Just a few days before, on October 20, General Douglas MacArthur waded ashore on the island of Leyte to the south, fulfilling his pledge to “return” to the Philippines and liberate it from Japanese occupation. That summer, the U.S. Pacific carrier fleet had met the remaining Japanese carriers off the Marianas Islands.

In the “Great Marianas Turkey Shoot,” U.S. pilots had wiped out their Japanese counterparts in the air. With its carriers denuded of aircraft, Japan now looked to its surface fleet based in Singapore, including its two mega-battleships the Yamato and Musashi, to sail to the Philippines and obliterate the American landing force on the beaches.

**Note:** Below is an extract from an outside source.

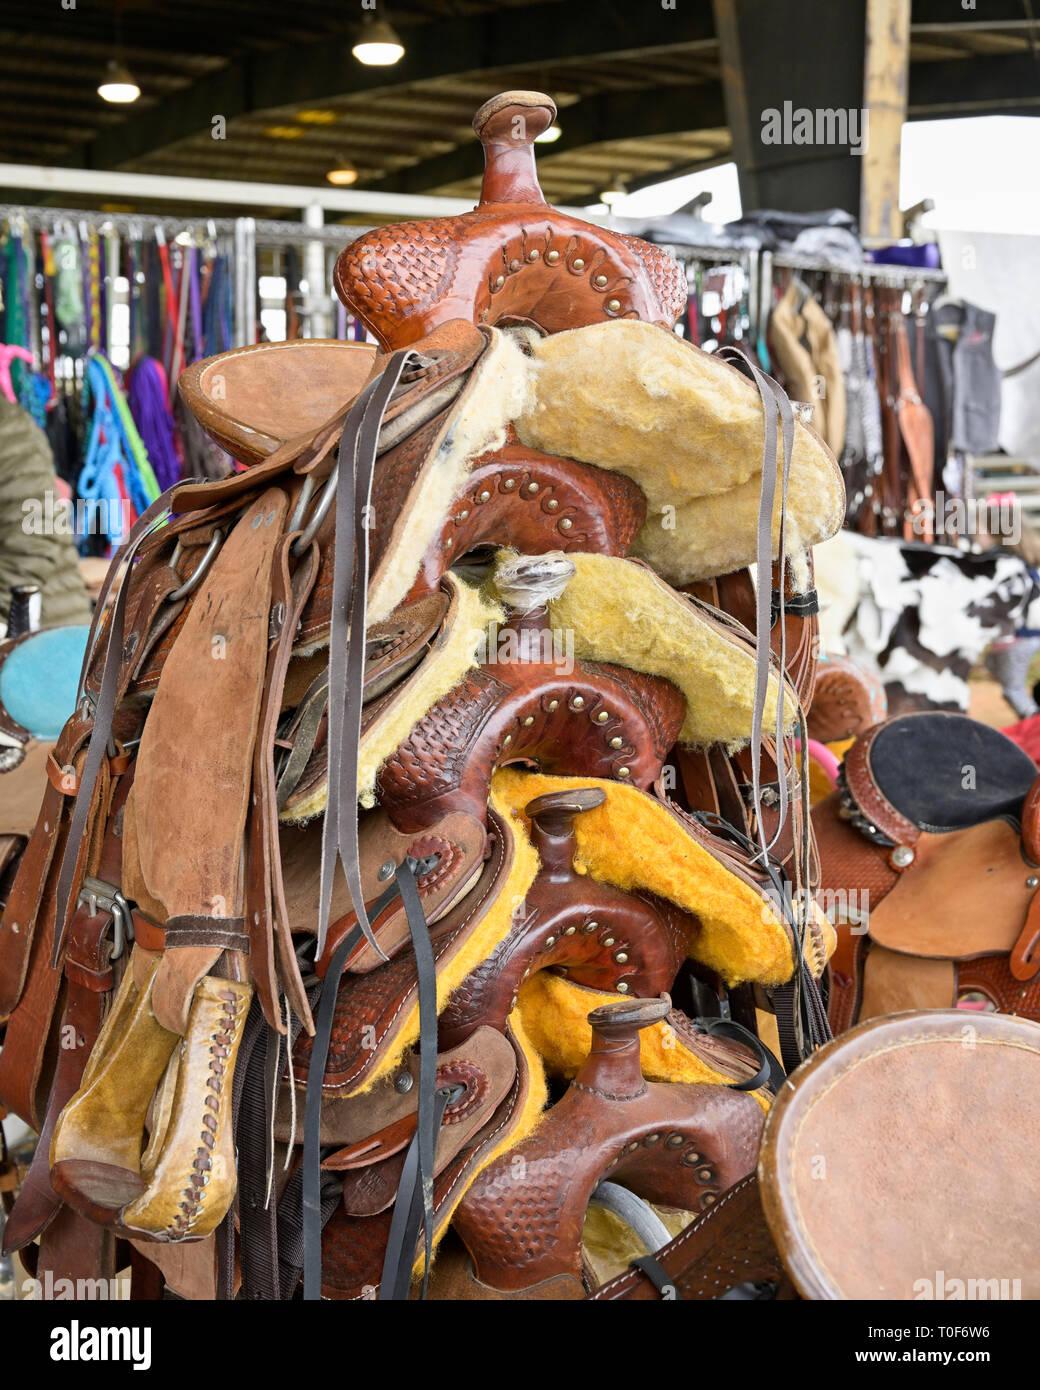 Western Saddles Stock Photos & Western Saddles Stock Images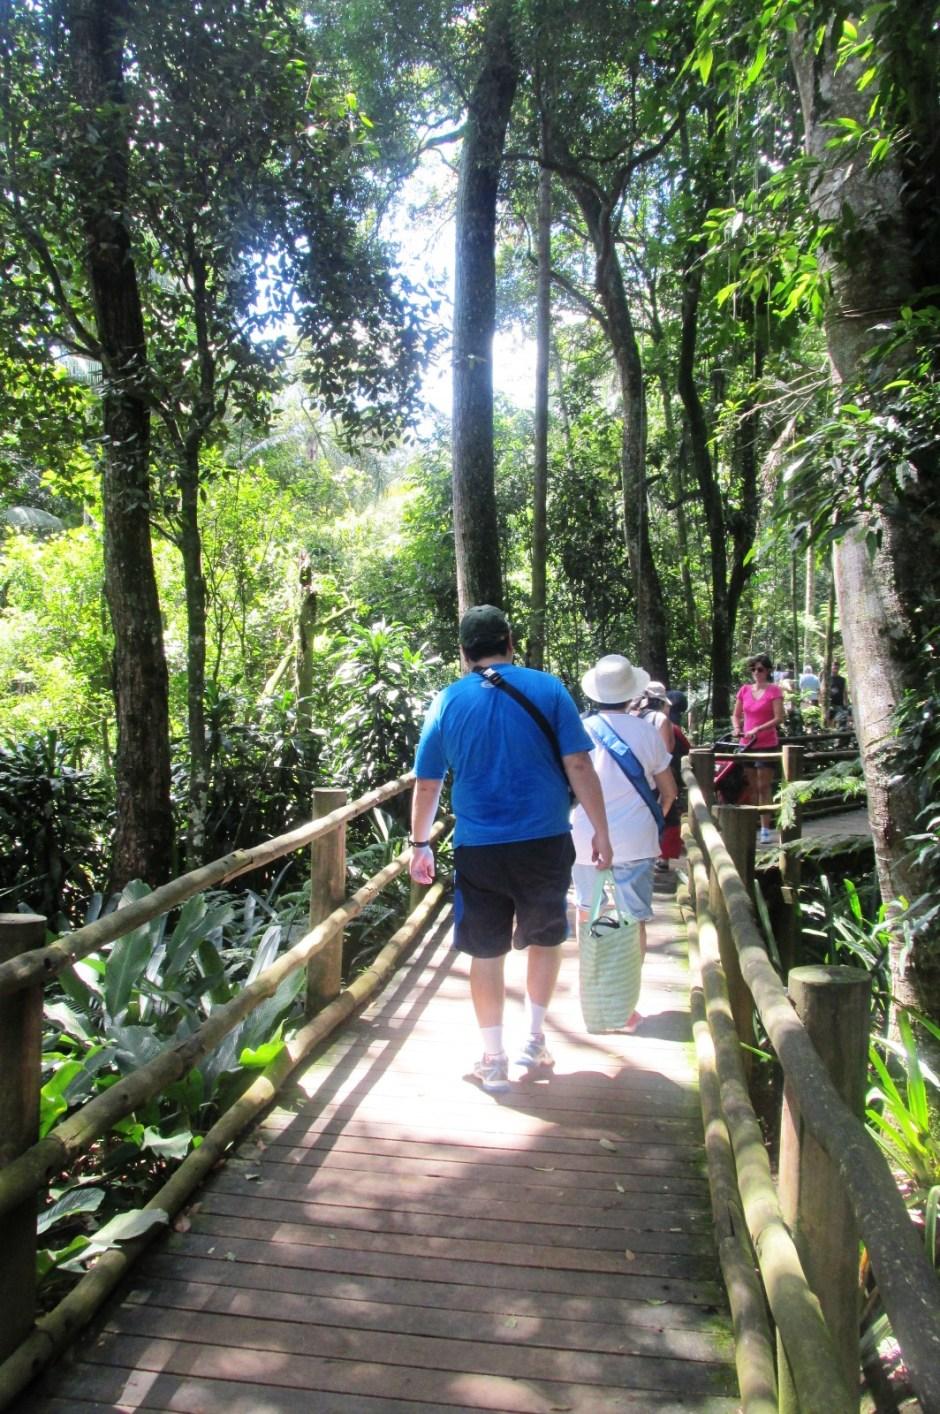 Trilha das nascentes - Jardim Botânico

READ MORE: Adapting to the Jet Age in a Fouga Magister

Off the east coast of the Philippines, Task Force 38, under the command of Admiral William Halsey, consisted of nearly a dozen full-size fleet carriers plus a score of smaller escort carriers, assigned to provide air cover for the landing. On the morning of October 24, planes aboard the Essex were fueling to take part in a strike on the advancing Japanese battleships, which had been detected by American submarines steaming toward the landing beaches through the archipelago south of Luzon.

[Courtesy: Patrick Chovanec]

In the starting days of WWII, the U.S. Navy’s main carrier-based fighter had been the Grumman F4F Wildcat. The creator of the Wildcat—and later the Hellcat—was Leroy Grumman, who headed a relatively modest aircraft company of the same name based on Long Island, New York.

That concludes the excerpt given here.